By David Fabri
1. Various Laws relating to the Establishment and Jurisdiction of the Commercial Court (Amendment) Act, 2025 (Bill no. 133)
Bill no. 133 purports to re-establish a Commercial Court, presided by one judge, with competence restricted to dealing with commercial and business matters.
Having a specialised court is neither a bad idea nor a new one. I remember talks on setting up a specialised company law court and a specialised maritime and shipping court. These were conceived as different courts, not one and the same.
One recalls that the original Commercial Court several decades ago wasted much precious time decoding jurisdictional issues, and many cases were sadly lost on this basis. Hopefully, similar frustration will not afflict this new mechanism.
However, I foresee a possible risk of over-burdening the new court before it has even been launched. Its remit is more extensive and complex than one would have imagined, and this might undermine the much-flaunted efficiency and speed expected of the new tribunal.
This reform, which is broadly a welcome step, will be implemented by the insertion of a new article 32A to the existing Code of Organisation and Civil Procedure. The law sets out the competence of the new court in two ways.
First, it refers generically to disputes arising under or involving “the Commercial Code, the Companies Act, the Competition Act, merchant shipping, collision of sea vessels, salvage, average, marine insurance, marine pollution, intellectual property rights, bills of exchange, promissory notes or other credit instruments, bankruptcy and any other related matter….” It appears that gaming is not included.
As a second step, the law proceeds to list specific laws, and here problems arise. These include, briefly, laws on shipping and maritime trade, carriage of goods, collisions at sea, aviation, financial services, consumer affairs, competition, intellectual property, trade-marks, insolvency, bills of exchange and class actions.
Regrettably, this list looks tentative and incomplete: in other words, a kind of hastily assembled hodgepodge. I shall explain briefly why, limiting my criticism to three areas, namely financial services, consumer protection and class actions. These warrant further study.
Specific reference is made to laws regulating banking and financial institutions. Why have these two been singled out? Several other similar important financial services legislation have been strangely omitted, e.g. investment services, market abuse and insurance-related laws.
In my view, consumer disputes have been erroneously included, as it might place consumers at a disadvantage. And what about the competence of the Consumer Claims Tribunal?

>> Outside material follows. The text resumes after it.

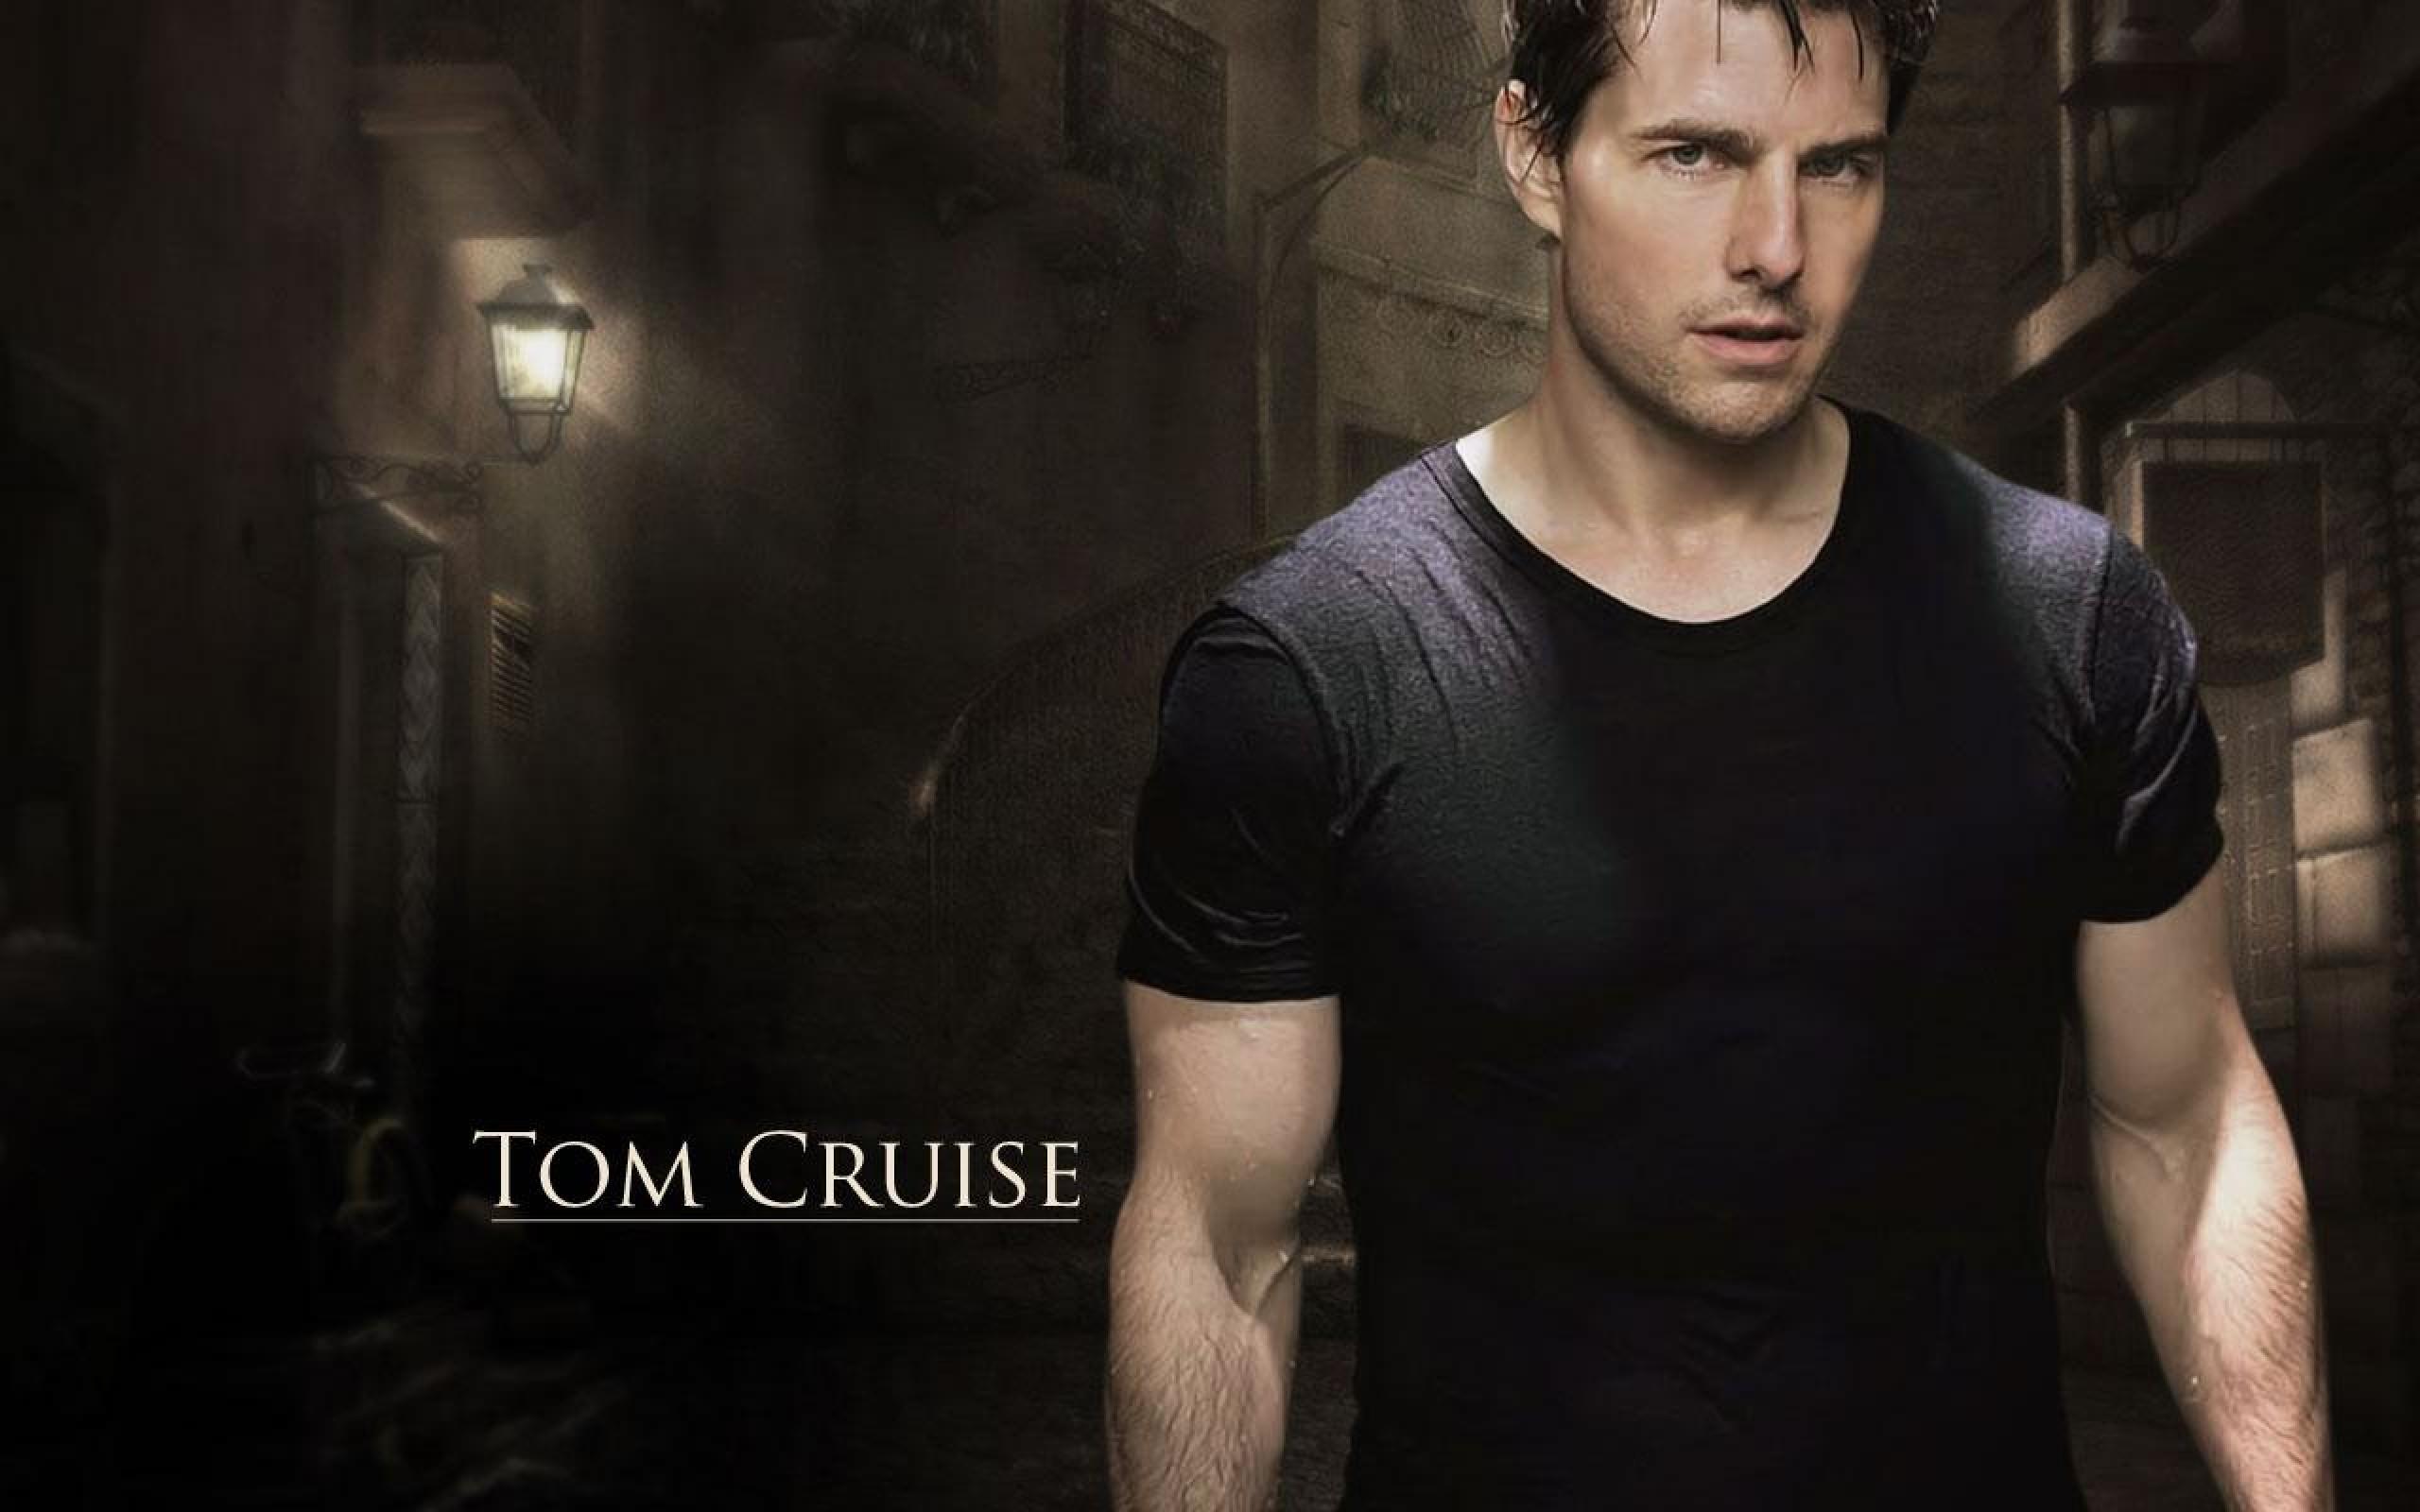 Tom Cruise HD Wallpapers • PoPoPics.com

Today we have two separate laws dealing with class actions. Only one of them is included in the Act. The Collective Proceedings (Competition) Act of 2012 has been inexplicably omitted.
2. The Holders of Public Offices and Public Entities (Responsibility) Act 2025
(Bill no.137)
The stated objects of this Bill are to establish and regulate the parameters of personal civil responsibility of persons forming part of the State administration, and to identify the circumstances in which public institutions and entities shall bear or assume responsibility in place of such persons or shall recover damages for acts done in the exercise of public functions.

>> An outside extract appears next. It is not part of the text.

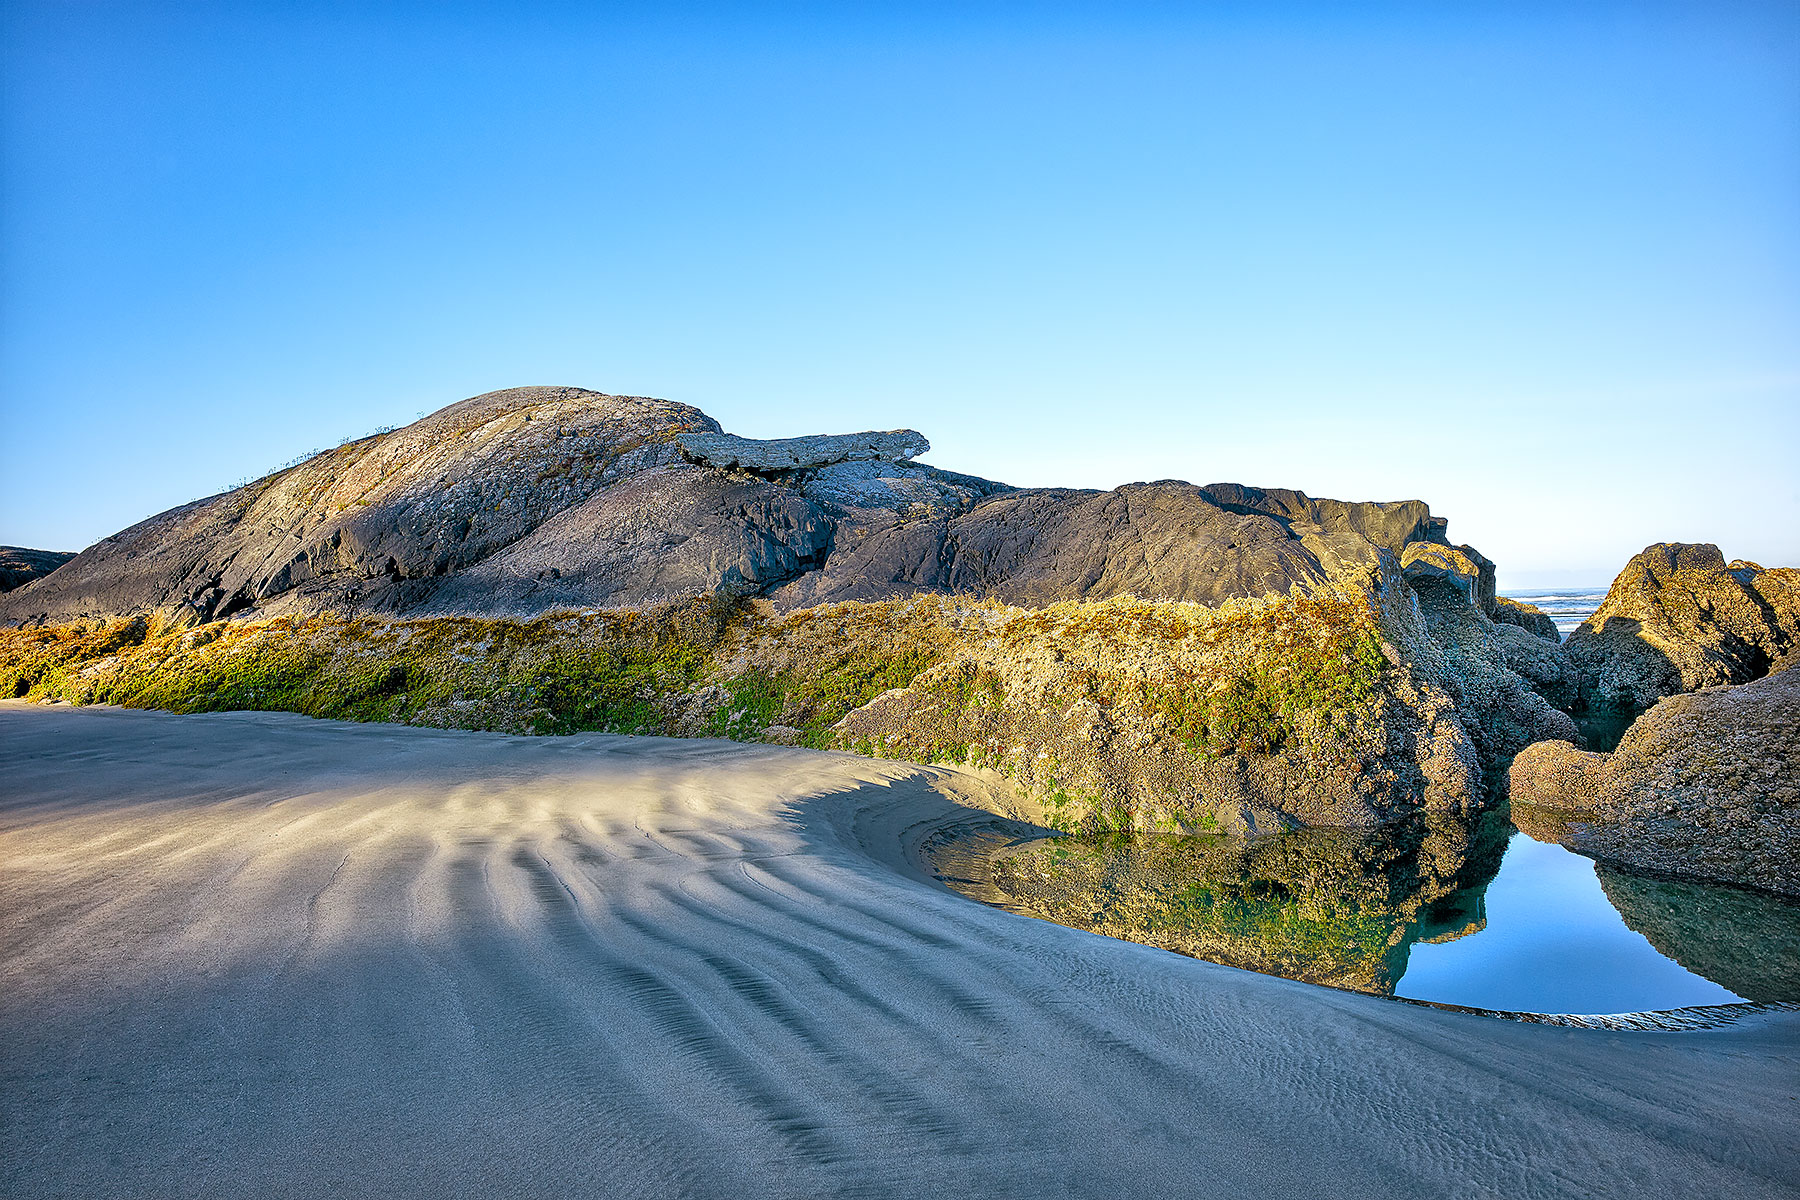 First Light, Pacific Rim National Park ©johncameron.ca

Government’s original expressed intention was to protect public officials when sued personally, whether civilly or (more controversially) criminally. It seems that better sense has since prevailed, and the law now only refers to protection against civil (i.e. private law) proceedings – usually for the payment of damages.
The State should not find itself defending officials engaged in State corruption, or even of criminal fraud and other offences.

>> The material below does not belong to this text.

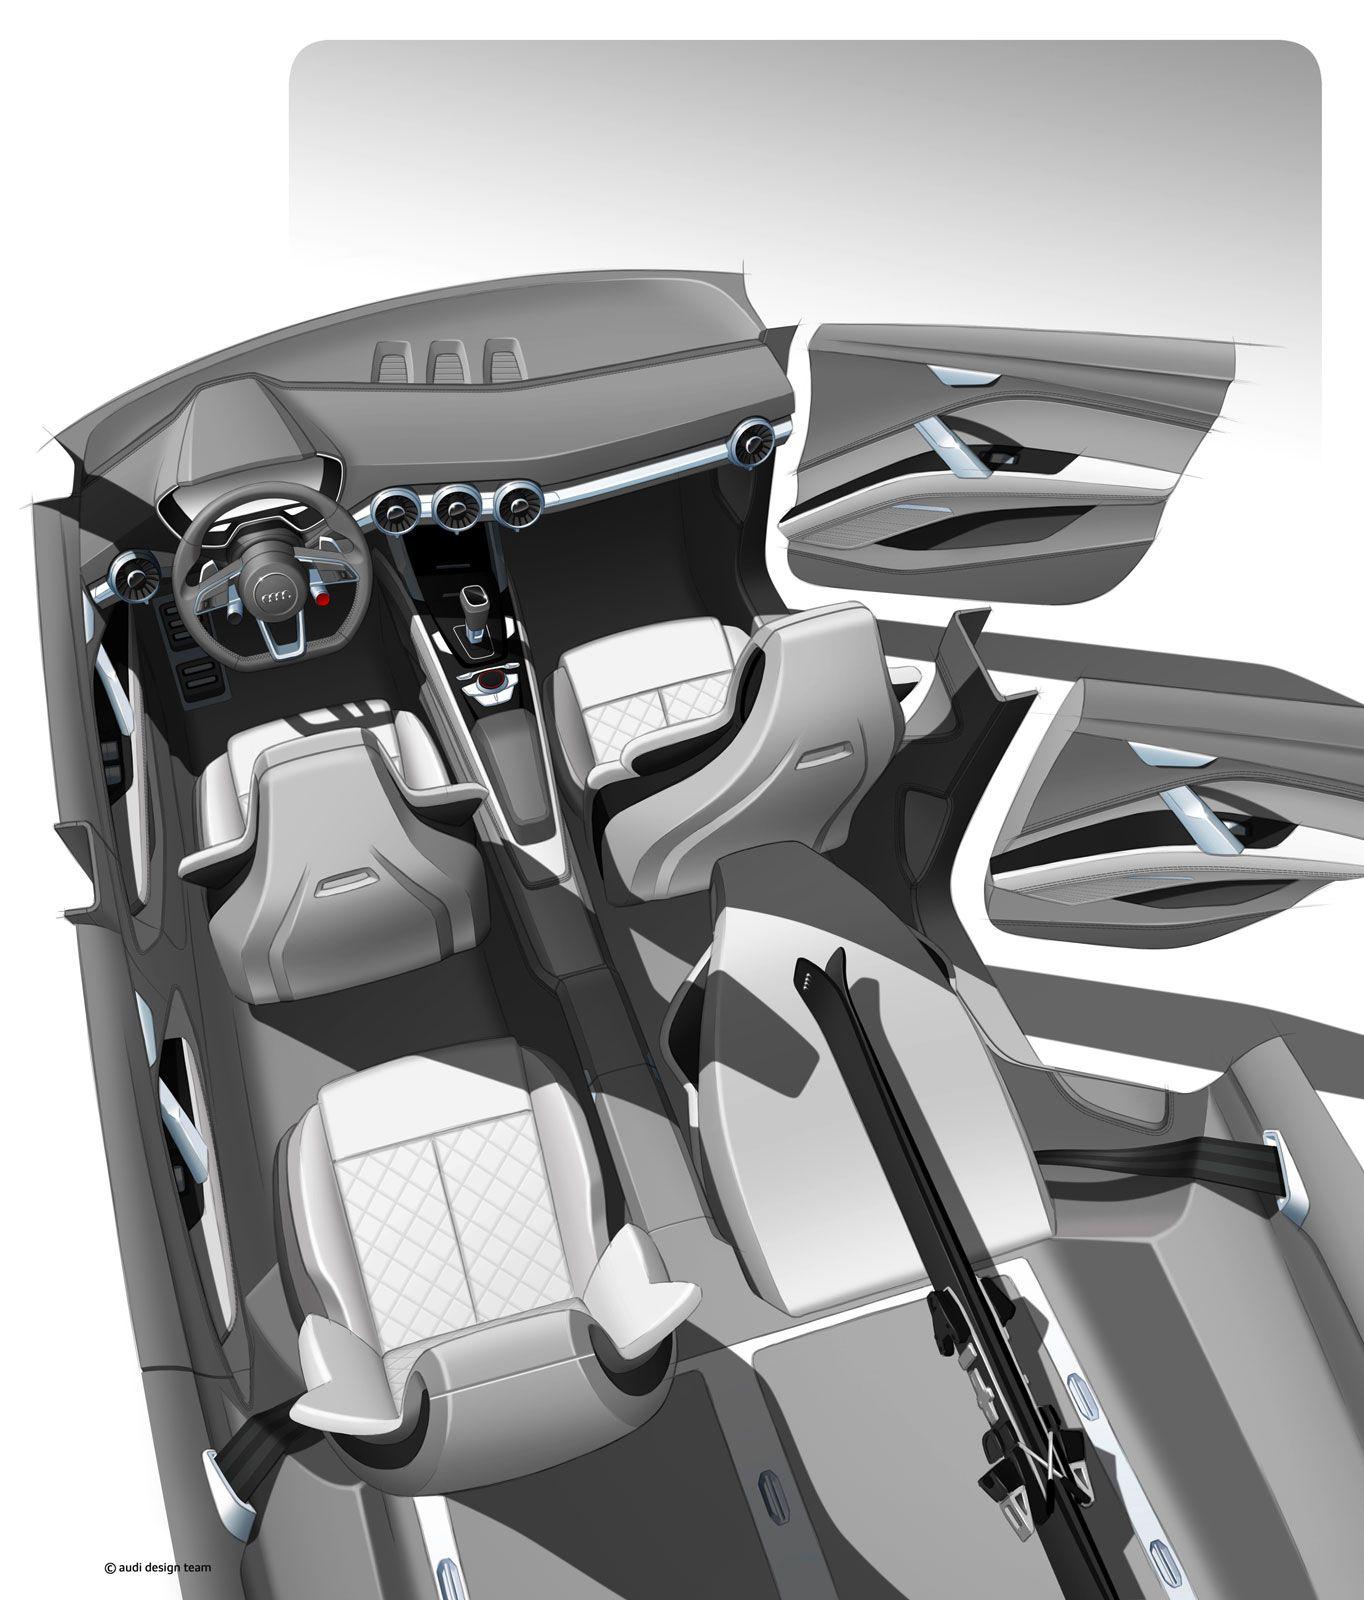 #Audi Crossover Concept for Beijing 2014 - Interior Design Rendering #concept #design #sketch

The new law would shield civil servants from “orders for the payment of damages” or “compensation “, in proceedings of a civil or constitutional nature. The law covers any act done “in the exercise of a public function”. No protection should extend to acts that are ultra vires an official’s remit and authority.
The Opposition in Parliament did not oppose this Bill on the premise that it protects civil servants acting in good faith. But this is not what the law actually says. The new law also applies to pending proceedings against public servants, if there are any.
I am not aware of any cases where civil servants acting in good faith and within their legitimate authority have been sued for damages. However, the law will now make it more cumbersome, difficult and perhaps riskier to try to sue public officials under the civil law in the future.
David Fabri LL.D., Ph.D., has taught law and business ethics since 1994 and for many years served as Head of the Department of Commercial Law at the University of Malta. He has recently published three books on Regulation in Malta. This monthly column seeks to encourage awareness and critical thinking regarding relevant legal and corporate developments in Malta and overseas.